I experienced a whammy of a migraine for the first time in 4 months a couple of weeks ago and it’s had me on edge ever since. I’ve had a couple of near miss episodes, that I don’t know were just a fluke or avoided by taking medication quickly but I’m very motivated now to figure out what the heck caused it since I had been well for so long. In general my triggers are hormones, extended bad sleep, and whatever the hell is in bananas. My body really doesn’t like bananas for more than 3 days/whenever they’re overripe. While thankfully my symptoms are not as severe as many here experience I hate being on edge.
Thanks for creating such a great resource!
Hi Alisha,
I’ve been on the elimination diet and following your rules for 6 months now. At first I felt better but the last 4 months, it seems everything I eat makes me feel worse. Even foods that didn’t bother me before and are on your ‘OK to eat” list. What’s going on? I’m down to about 10 foods I can eat now and that’s just not sustainable. I have PPPD and VM for 3.5 years. It took me 2 years just to get a diagnosis. Do I keep eliminating foods until I get to 1 food? Do I try to raise my food tolerance threshold? Is that even possible?
Hey Dawn, At this point it most likely has nothing to do with the food and is because of another combination of triggers. Unfortunately I think it’s easiest for us to blame food, but limiting yourself so much could actually be doing more harm than good. Have you spoken with your physician about it? Perhaps med additions or changes, supplements, sleep schedule, hydration…something might need adjusting. Maybe things got more stressful for you? Let me know if you need some help looking at the other areas.
Alicia, I’m actually working with Dr. Cho who I think you know. We’ve tried all kinds of meds, supplements, sleeping, everything. I think I’ve stumped even him. The reason I think this is food is that the response is immediate. I ate a peach and half way thru my symptoms went up and stayed up for 24 hours. I ate an apple and after a couple bites, my symptoms went up for 45 minutes. I ate plain oatmeal this morning. Same thing and my symptoms stay up all day. I’m not sure what else to do except eliminate more foods.

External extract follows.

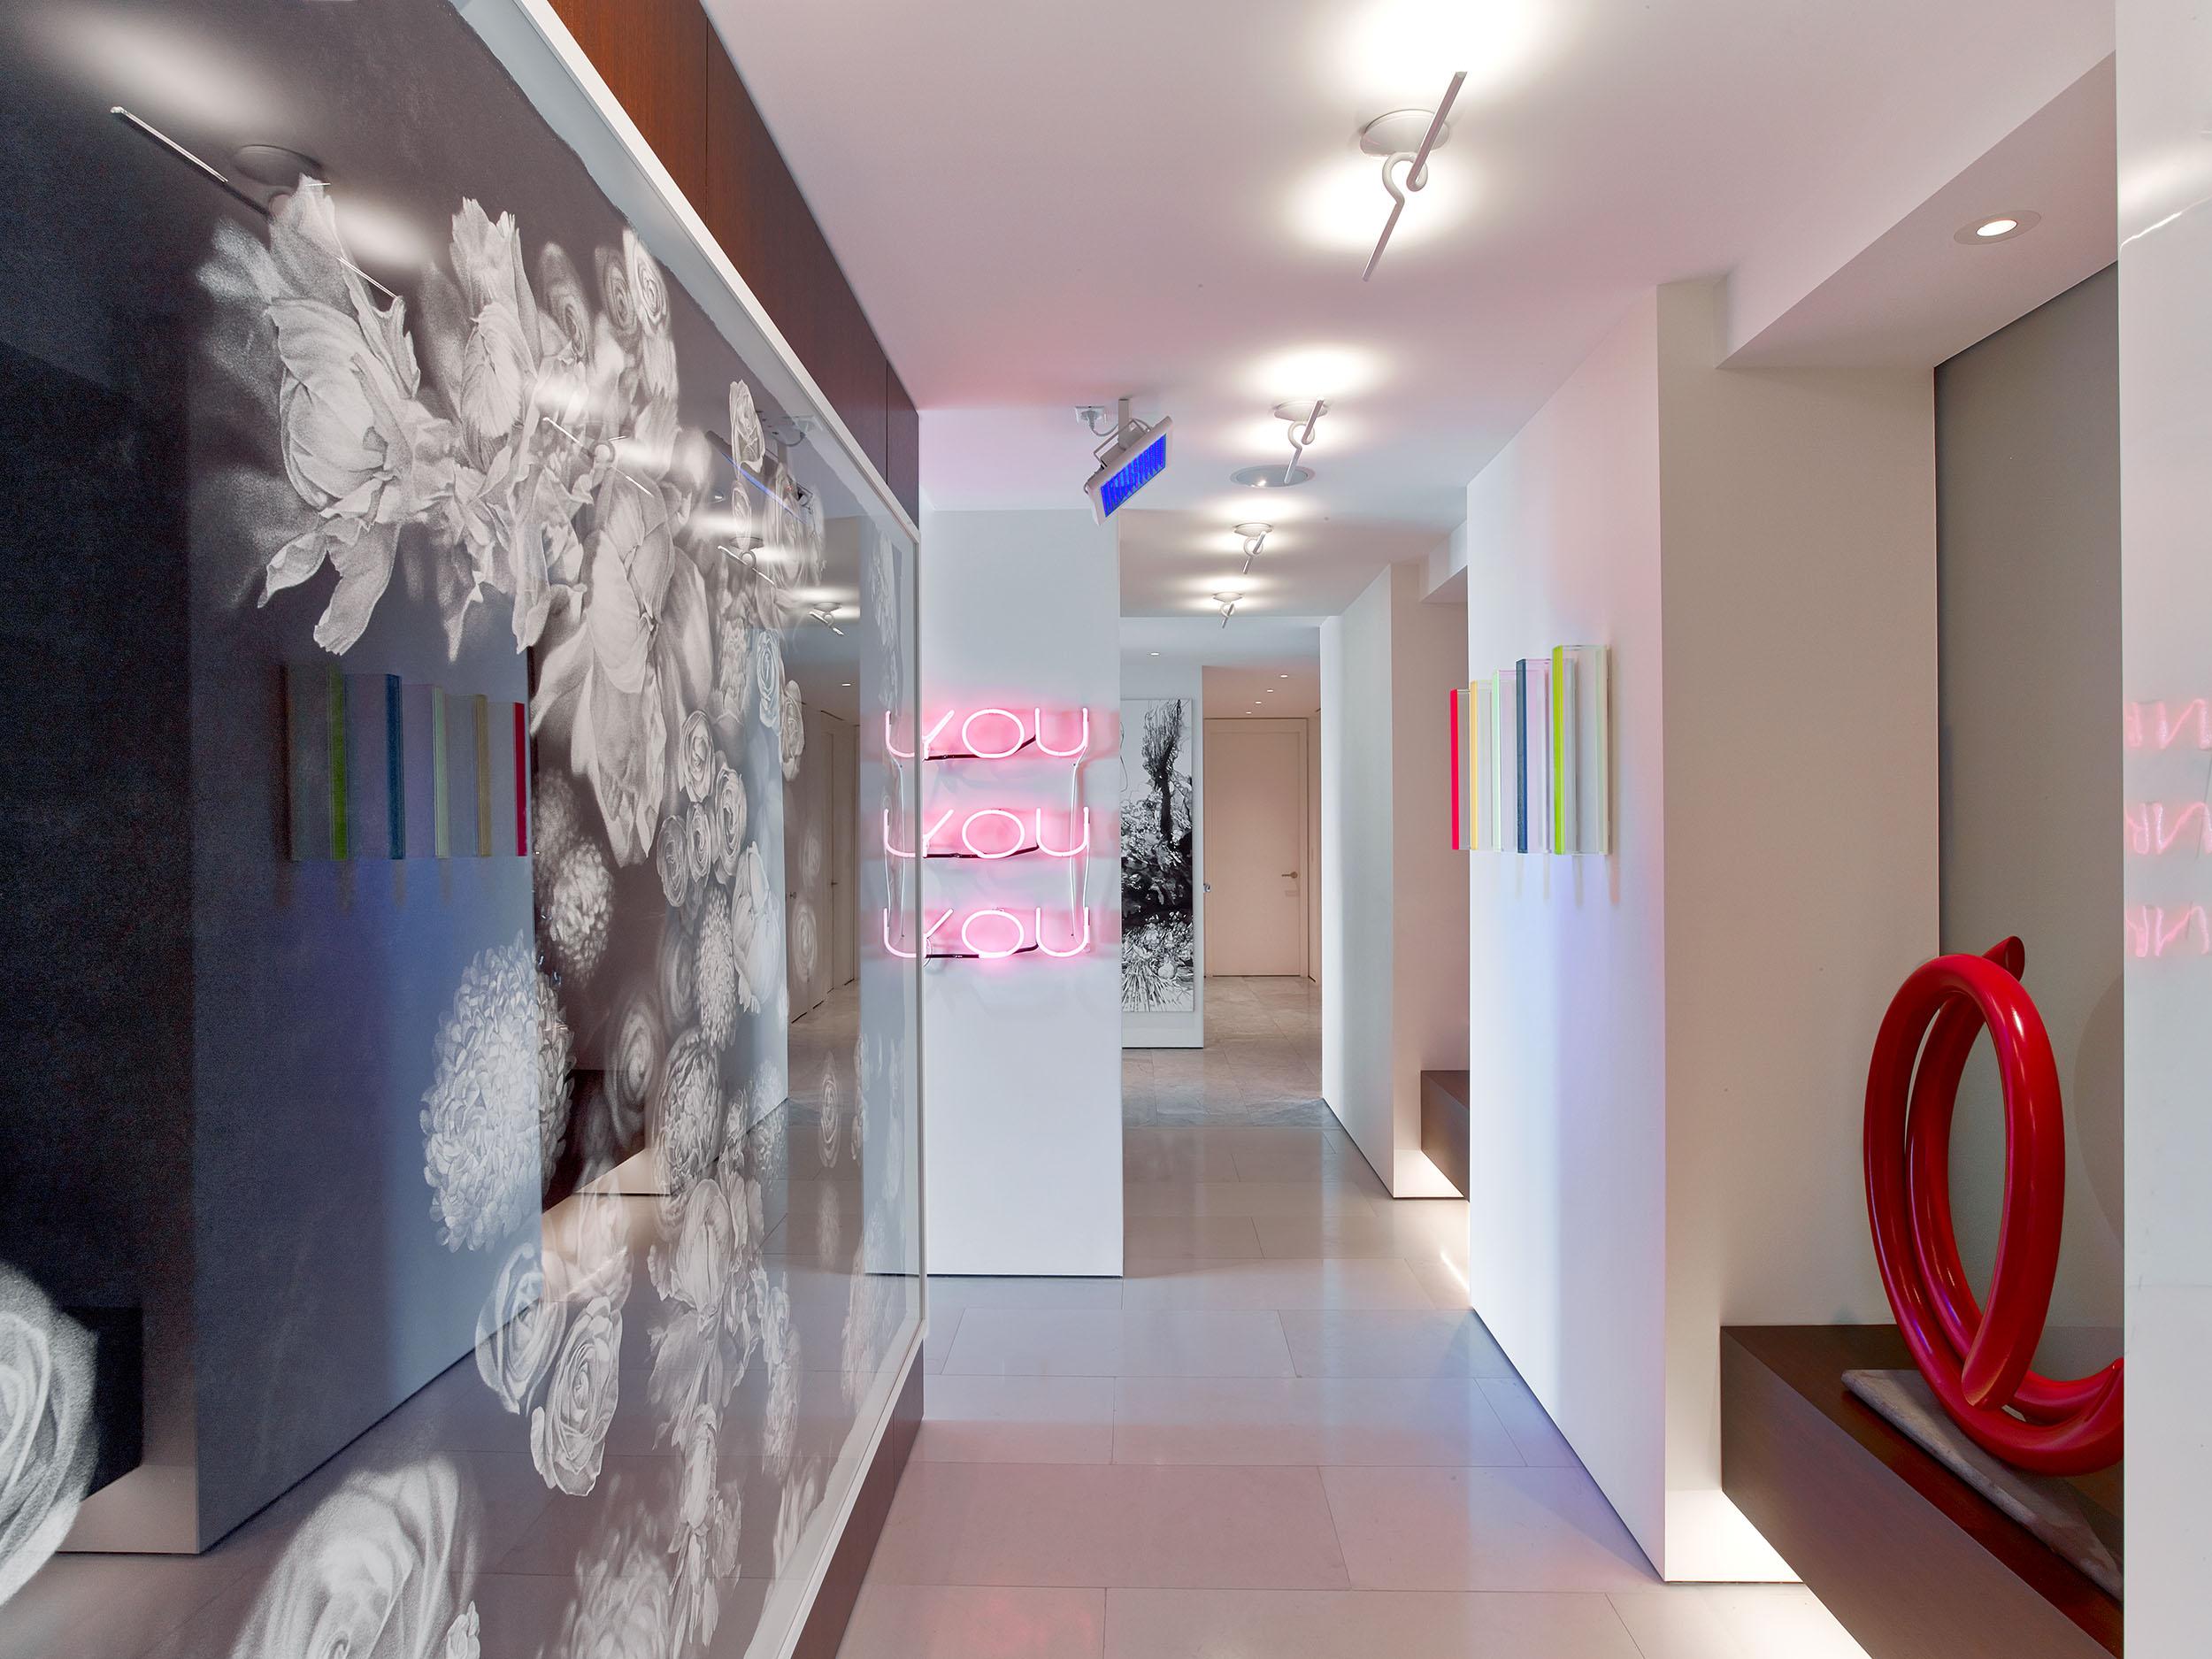 Architecture & Interior Design: Hariri & Hariri  Photography - Eric Laignel & Courtesy of - Hariri & Hariri Architecture
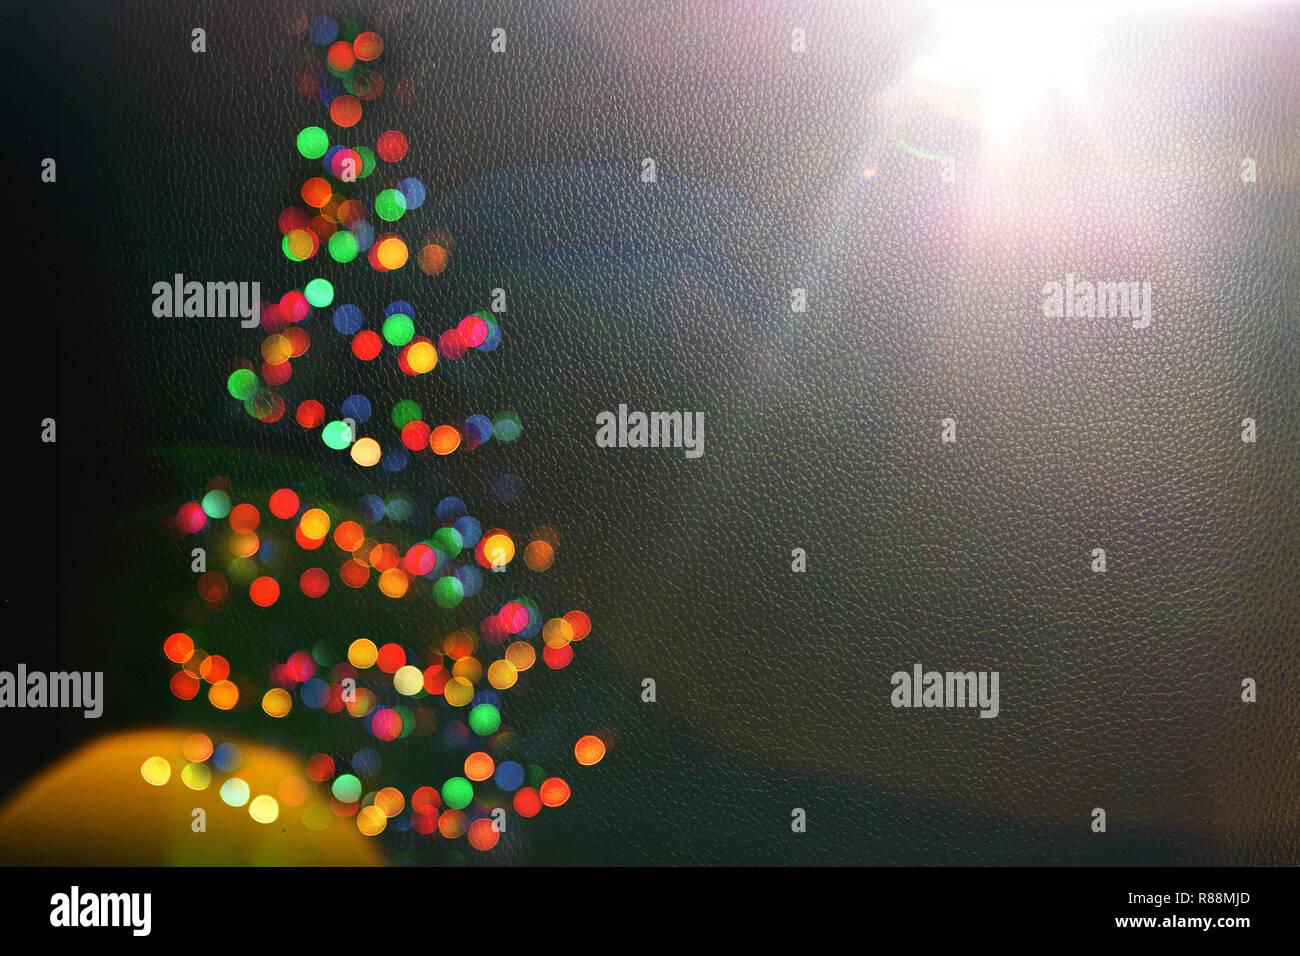 Bokeh silhouette of Christmas tree.blur light celebration on christmas tree on dark wall background. Abstract Christmas tree lights.Winter holidays greeting card.fairy lights.Copy space - Stock Image

So one thing I noticed is everything you mentioned here is higher in sugar/carbs and I wonder if this could be a blood sugar connection if you’re not consuming with protein? Maybe adding an egg or seed butter in your oatmeal could help balance that. Has he mentioned working with a registered dietician to kind of help guide you?
Another thing I have to mention, this happened to me often in the beginning and seems to be common with readers. It’s not necessarily that the food is a trigger, but could be something else like the spike in blood sugar, not eating often enough, not getting enough protein, etc. I noticed that this decreased a lot for me as my brain calmed down over time and with treatments. I can recommend a dietician if you’re interested as well.
Hi Alicia, no we’ve never talked about what I’m eating or a dietician. That sounds interesting. How do I find one that’s familiar with VM and in my area or available by telemedicine? Thanks for your help. Your blog and your experience is invaluable to people like me who are trying to navigate thru this condition.